On another note, we tried a new church last week. It meets at a hotel (not a seedy one, mind you) and is sort of trying to market itself as a seeker-friendly community using lots of different creative mediums. It was VERY contrived, in my opinion. The music was solid, but they played movie clips from Braveheart, Gladiator, and Robin Hood while the words "What is the cry of your heart?" flashed across the screen. A few years ago, this might have moved me a bit, but now, I just think it is so forced, so contrivedly put together, and so "Ra, Ra, Let's get fired up about our passion, our hearts, our purpose!" that it puts me off a little bit. The pastor was a good ol' boy from Georgia who moved here with the sole intent of planting a church in the south Denver suburbs--which is so overchurched it is insane. I did not care for him or his trite message about how we commit to a church: "in pencil, in ink, or in blood". Not sure about the blood thing... His intentions were solid, surely, and his message wasn't theologically wacky or out there, but it was just very simple, formulaic, and blah. To speak of the "cry of my heart", I would say it is cynical and pretty bored. I am trying to be open as we visit different churches and try to find a community, but thus far, it is definitely no SP. I am trying my expectation lowering technique when it comes to marriage, churches, and everything else right now. If I just lower my expectations, then I won't be disappointed....a bad idea, I realize, but there is so much longing and desire right now that is brewing for me, for my family, and for our lives that I do not know what to do with it.

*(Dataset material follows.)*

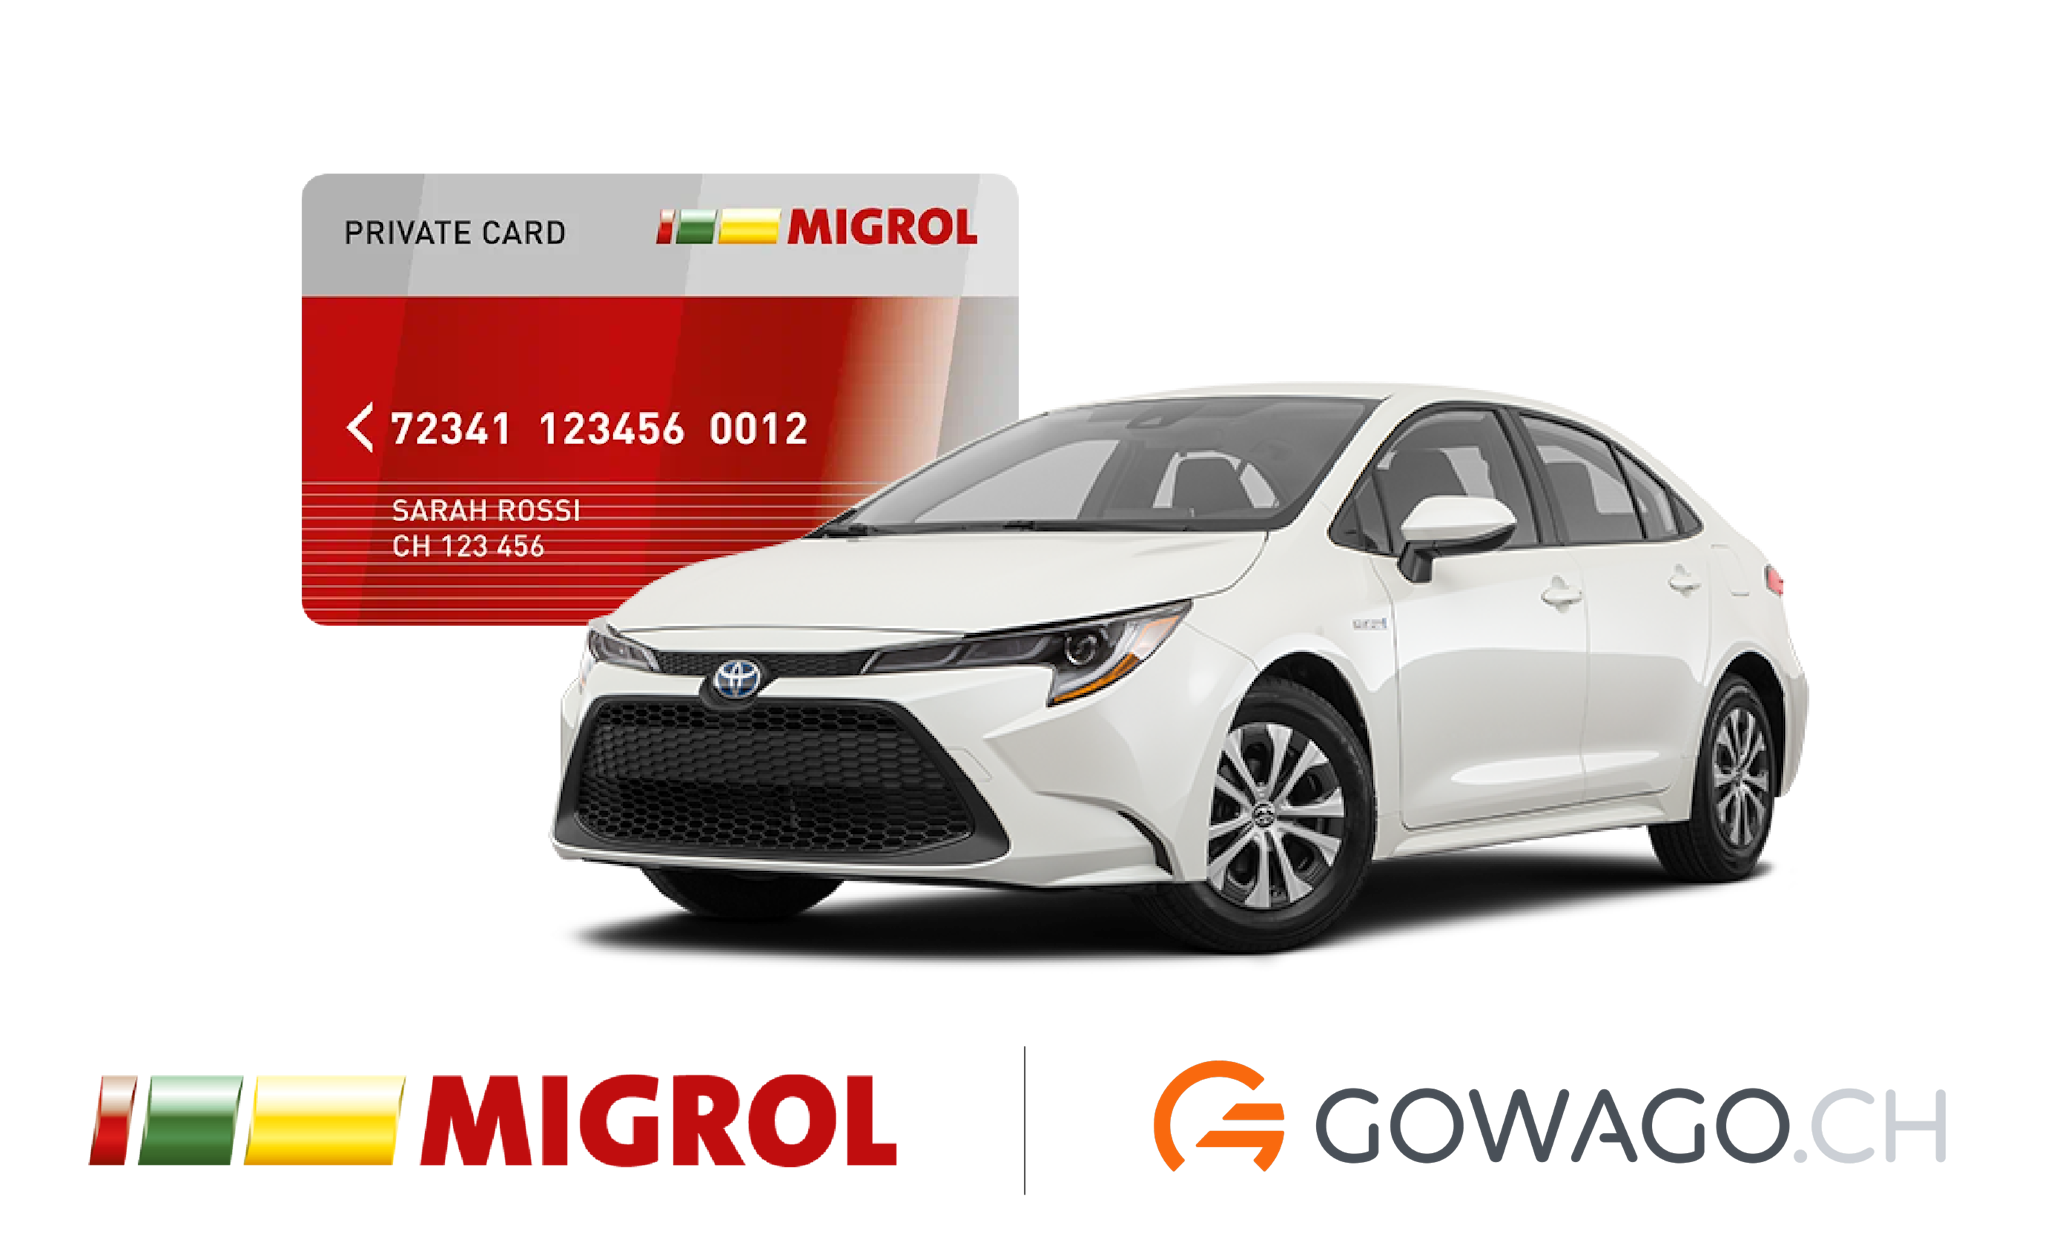 blog item card - Découvrez les nombreux avantages de la Migrolcard chez gowago.ch: rabais sur l'essence, le lavage, et plus encore.

My Mom's house will be ready November 5th...which will be a good thing for her, and for us. Her living here hasn't been too bad in many ways (the extra help with the kids, the house, etc...has been swell), but when she told me this week that "it doesn't seem like I clean the house or that I enjoy cleaning" it wasn't a bright moment for me. Or, that when I forgot to turn in Eli's hot lunch form for school that "I wasn't a very organized person". No, I do not enjoy cleaning, and at times, I am not organized.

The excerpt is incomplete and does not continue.